I have large amounts of this, possibly too large. I never talk about the things that have gone seriously wrong in my family to outsiders. I sometimes don’t talk about some of the things that have gone wrong even with people in my family, out of respect for the cohesion of the family unit. Why break people’s trust with old wrongs when everyone’s fairly happy as is? I keep a close lid on problems in my immediate family.
It’s mostly the same with my extended family, only this is out of respect for my parents. The people in question are their brothers and sisters and nephews and nieces, so it seems discourteous to my parents to spread around dirty laundry about their siblings while they’re still living. Except that I will brush the snow off the tip of the iceberg and say that women are very well suited to be mathematicians, Uncle, thank you very much, and how dare you tell your daughter that she’s only good for making more children to bring into the church?
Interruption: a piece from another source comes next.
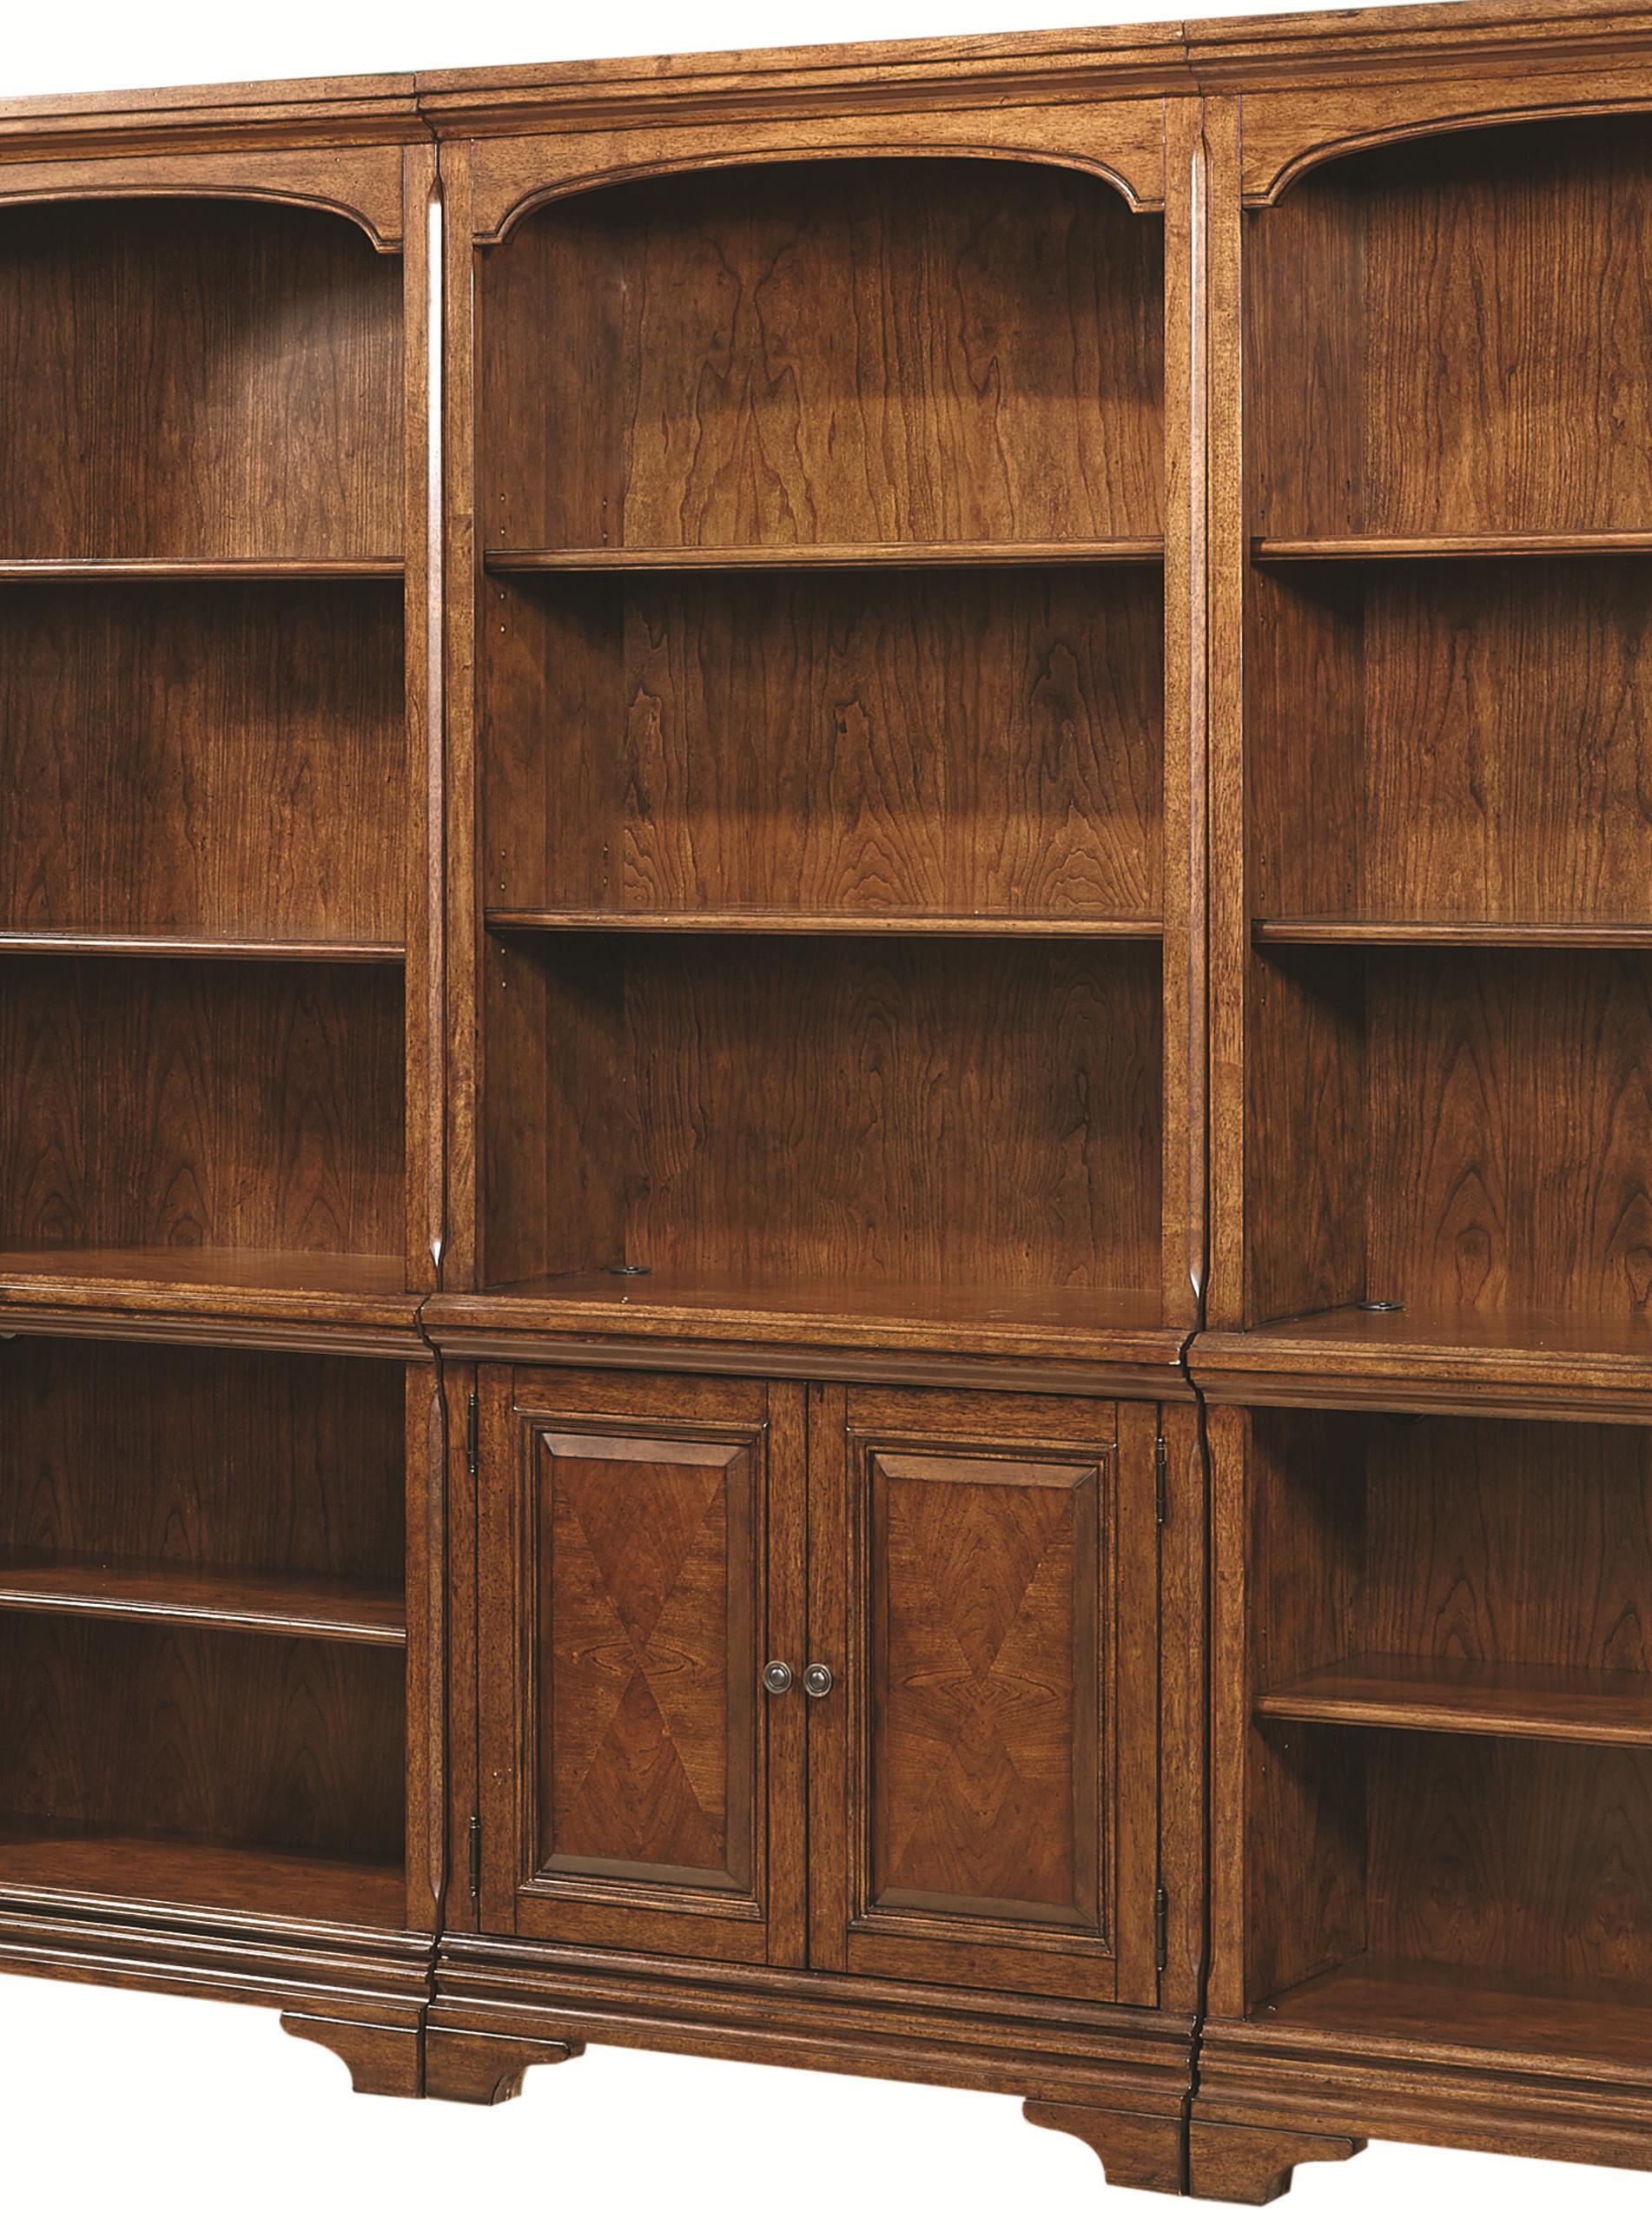 Hawthorne Door Bookcase by Aspenhome at Mueller Furniture
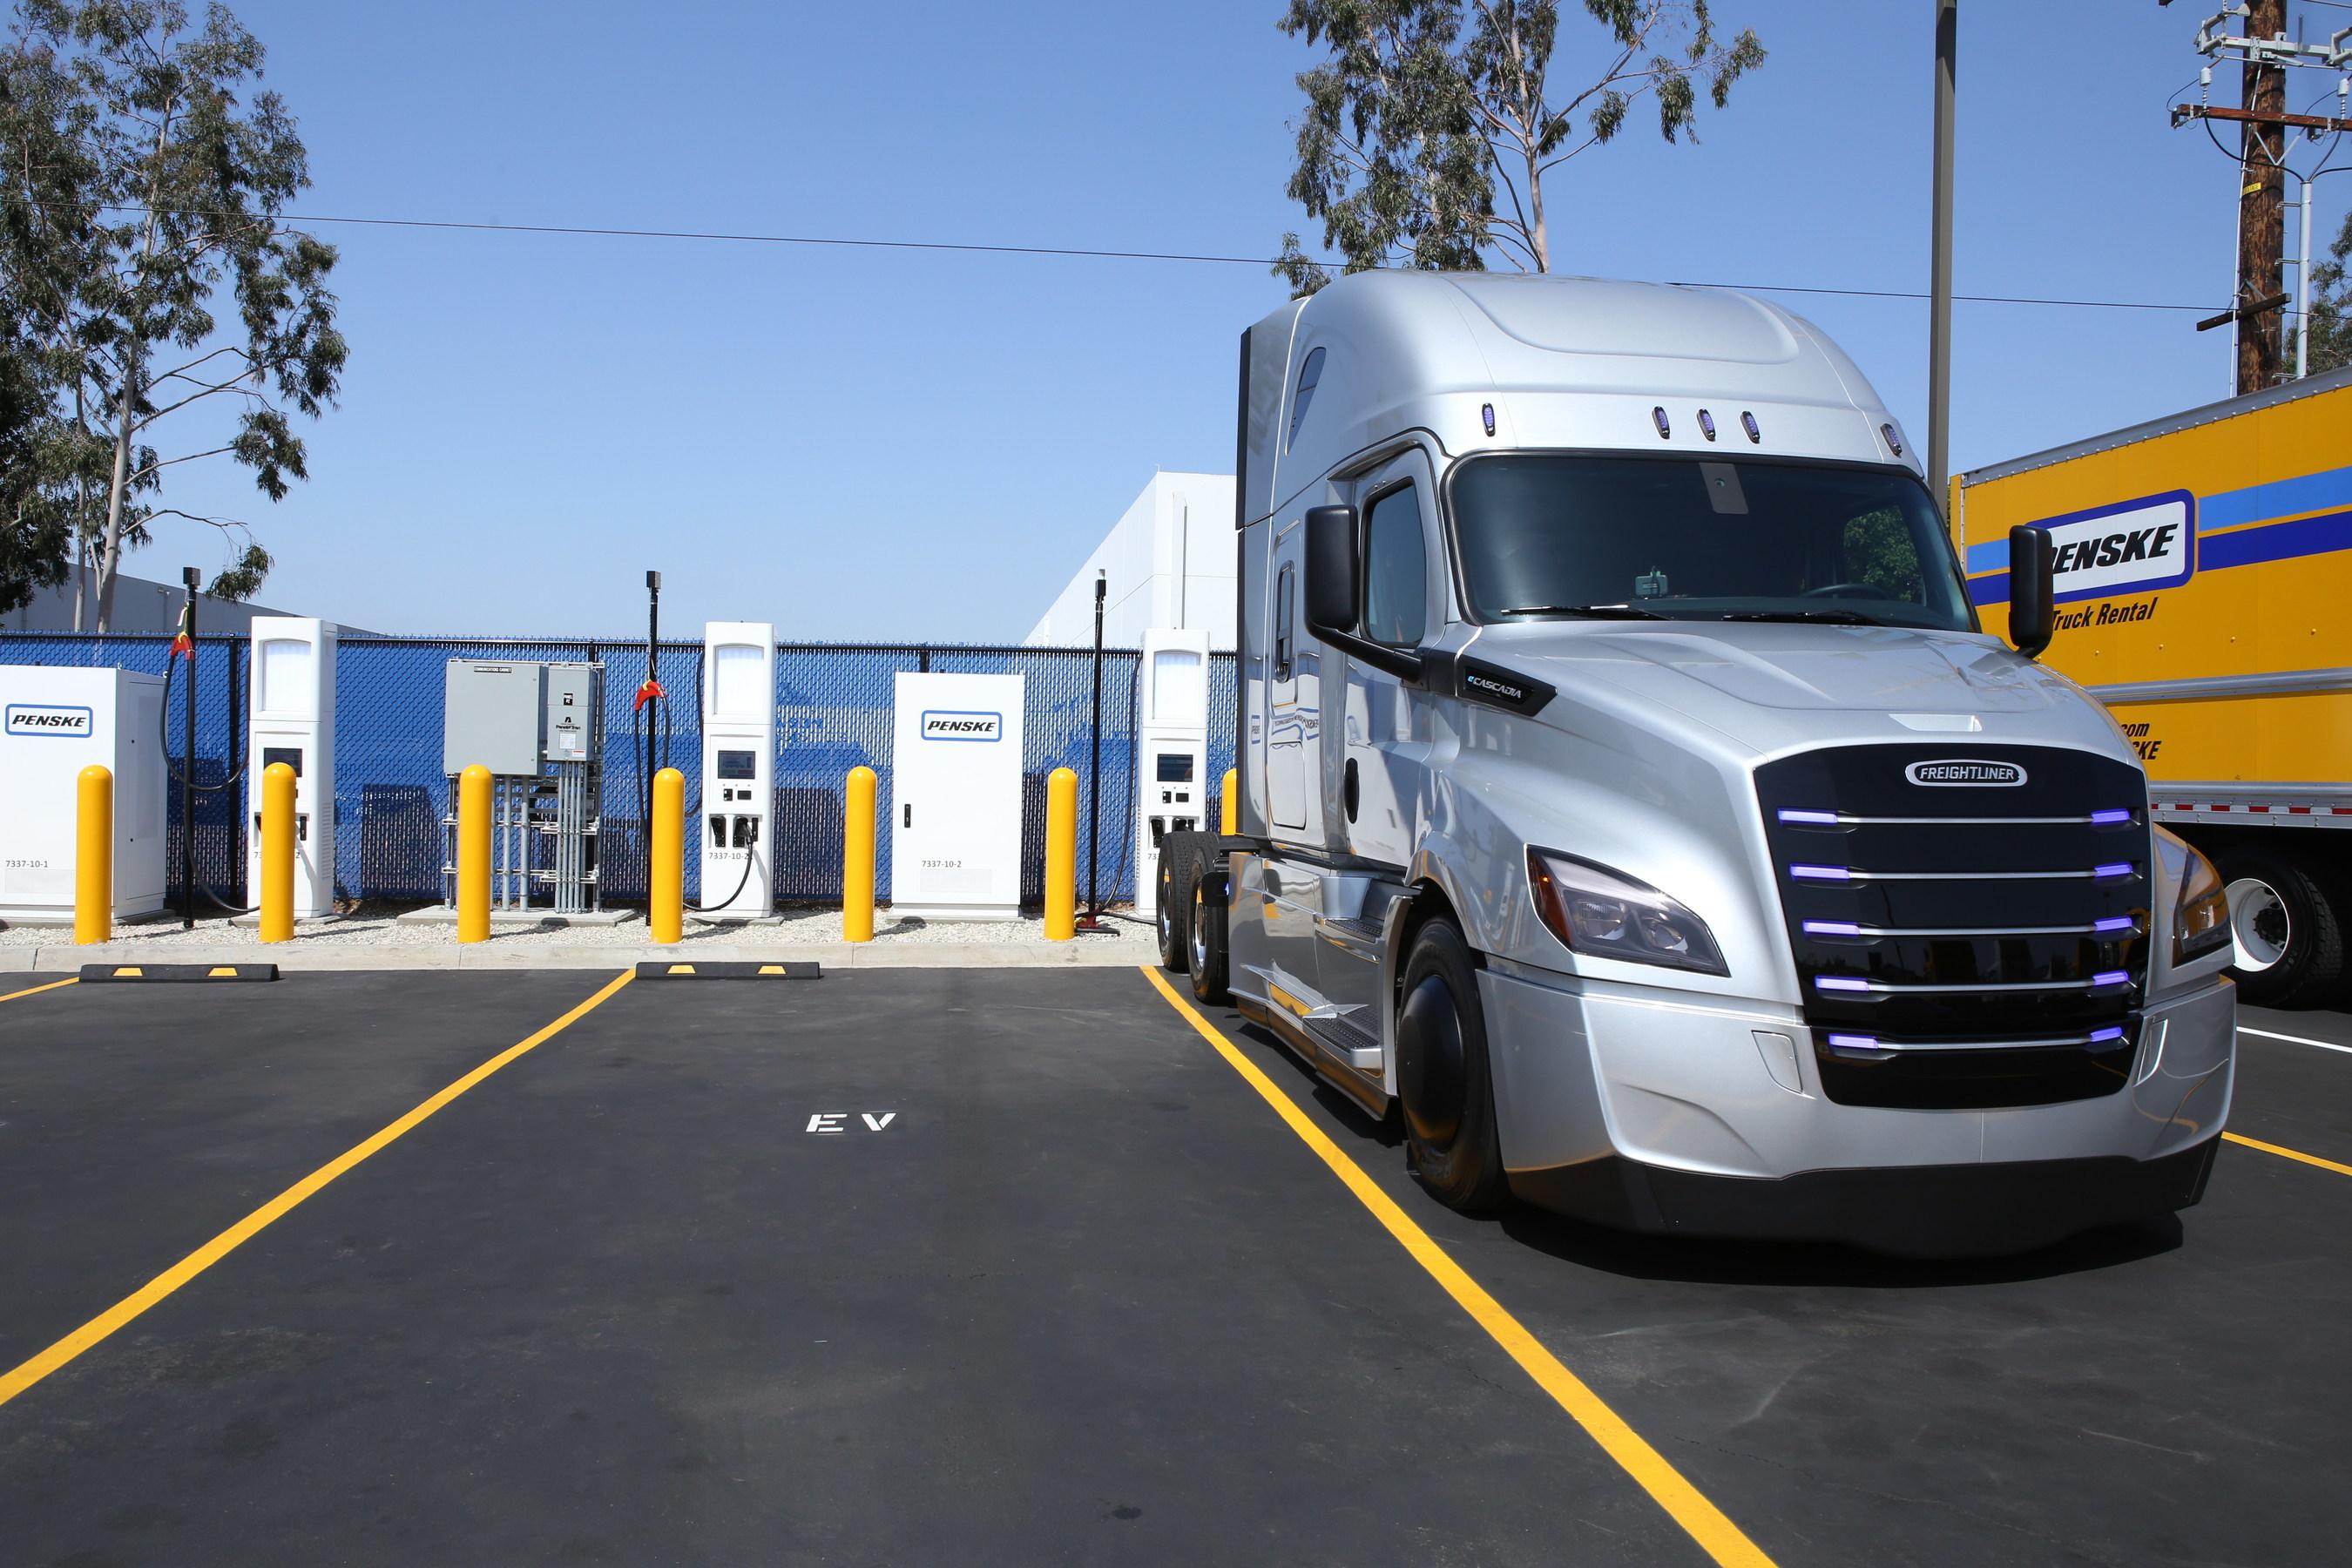 Penske Truck Leasing commercial heavy-duty electric vehicle charging station in La Mirada, CA.

However, I don’t have problems boasting about my immediate family, and I don’t have problems talking about my dead relatives. I decided that since I boast about my family on a regular basis, today I’ll tell you about the dead relatives instead. I have three relatives that have died, a shockingly small number when you consider that my mum comes from a family of four and my dad from a family of six, and each of their married siblings (which number includes all but one) has a minimum of two children, usually three or four, and one aunt has seven. So to tell you about my dead relatives, which is not the same thing as my dead family.
There was my cousin, Sean. He died in a car accident when he was sixteen, some years ago. I only met him once before then, and I was a young child. I don’t have a very good memory of him. This is what I remember: He smiled, and I thought he looked kind. I also remember I was too young to go to the funeral. I would have been happy to consider him family, I think.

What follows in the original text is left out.